→ Task to complete
Exact reproduction is required for the lines below starting at the line with "Achler – Kancelaria" and ending at the line with "Justiça holandesa proíbe", both included. No other lines, and no pictures.

→ Data in this exercise
^^^^

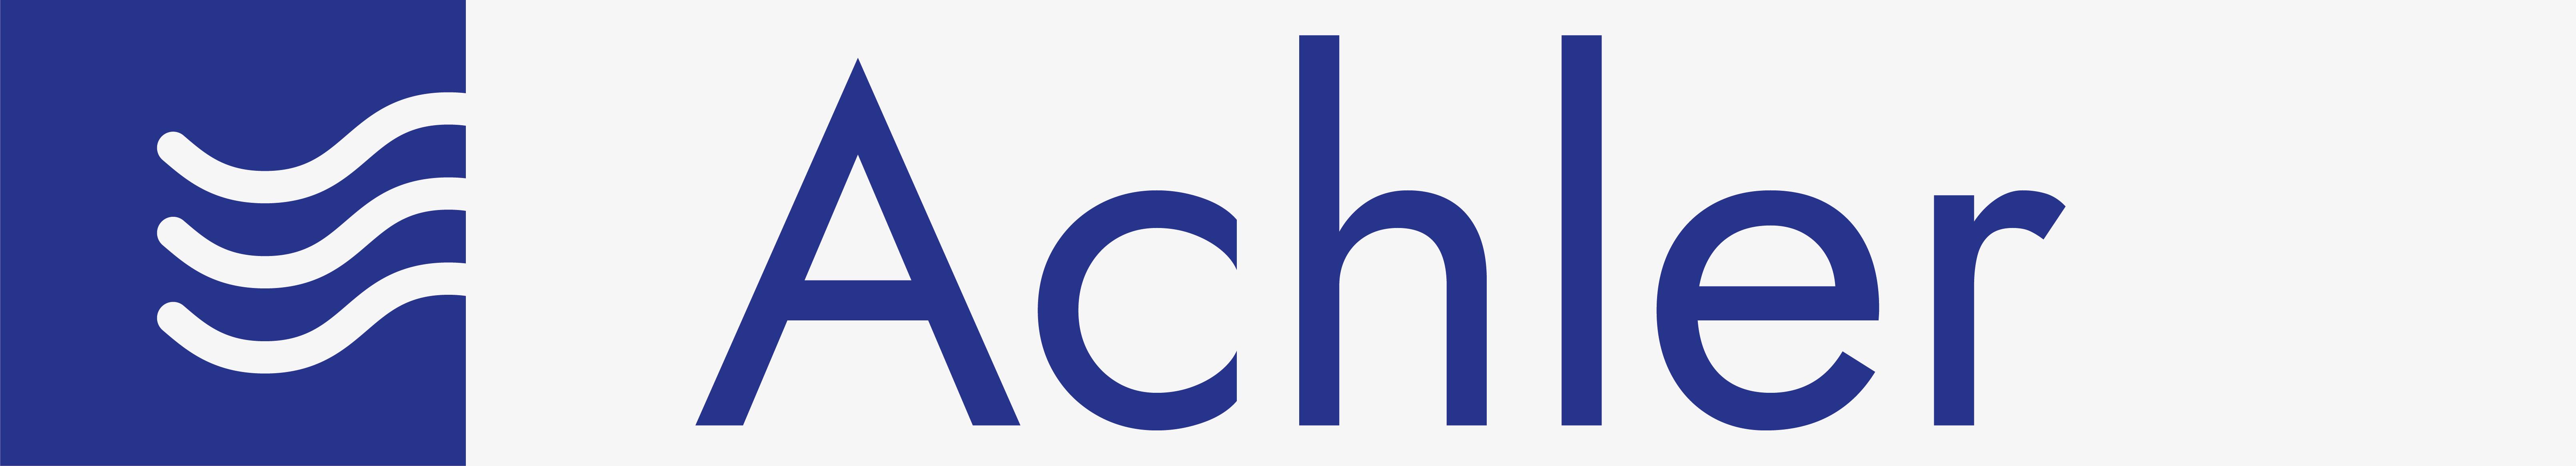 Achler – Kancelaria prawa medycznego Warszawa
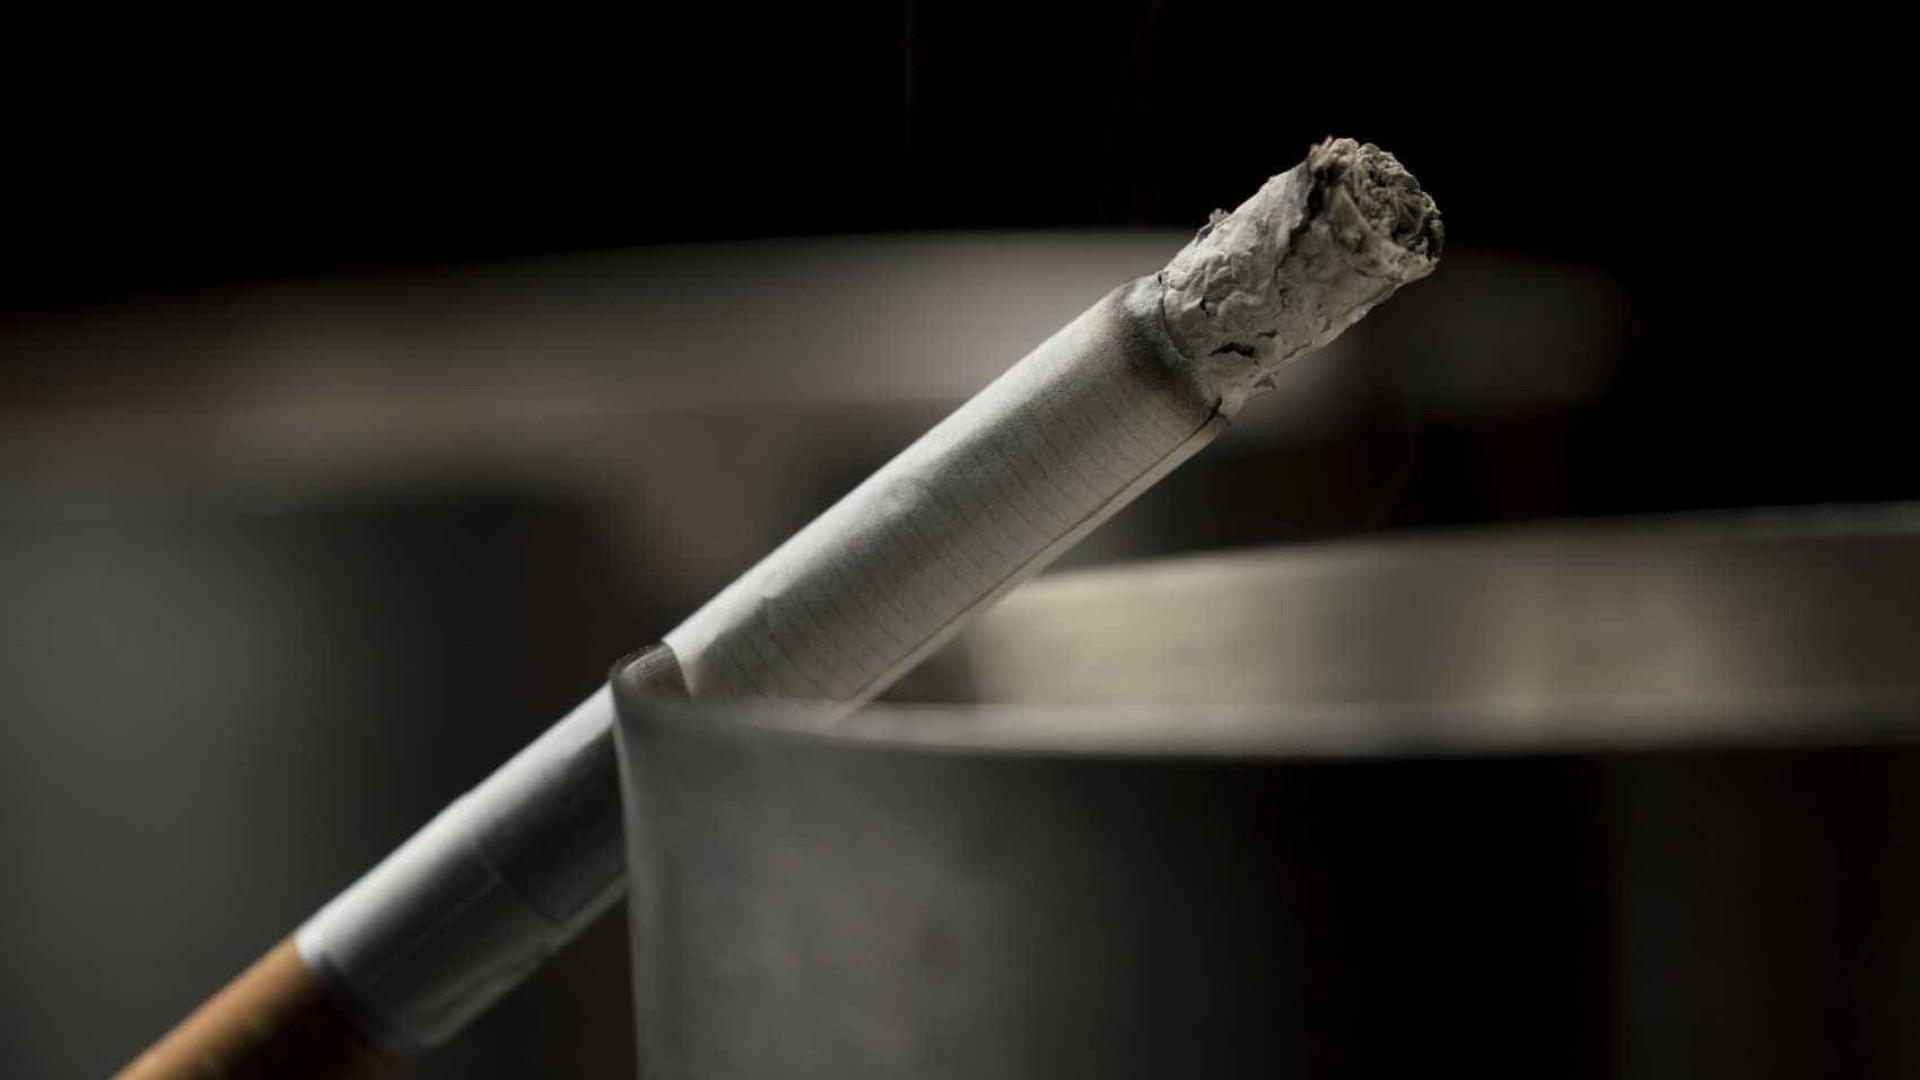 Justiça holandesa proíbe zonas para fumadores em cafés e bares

^^^^

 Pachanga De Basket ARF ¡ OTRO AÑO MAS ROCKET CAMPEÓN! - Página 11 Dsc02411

^^^^

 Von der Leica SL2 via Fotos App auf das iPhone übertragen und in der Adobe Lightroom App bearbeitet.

^^^^

→ Task result
 Achler – Kancelaria prawa medycznego Warszawa
 Justiça holandesa proíbe zonas para fumadores em cafés e bares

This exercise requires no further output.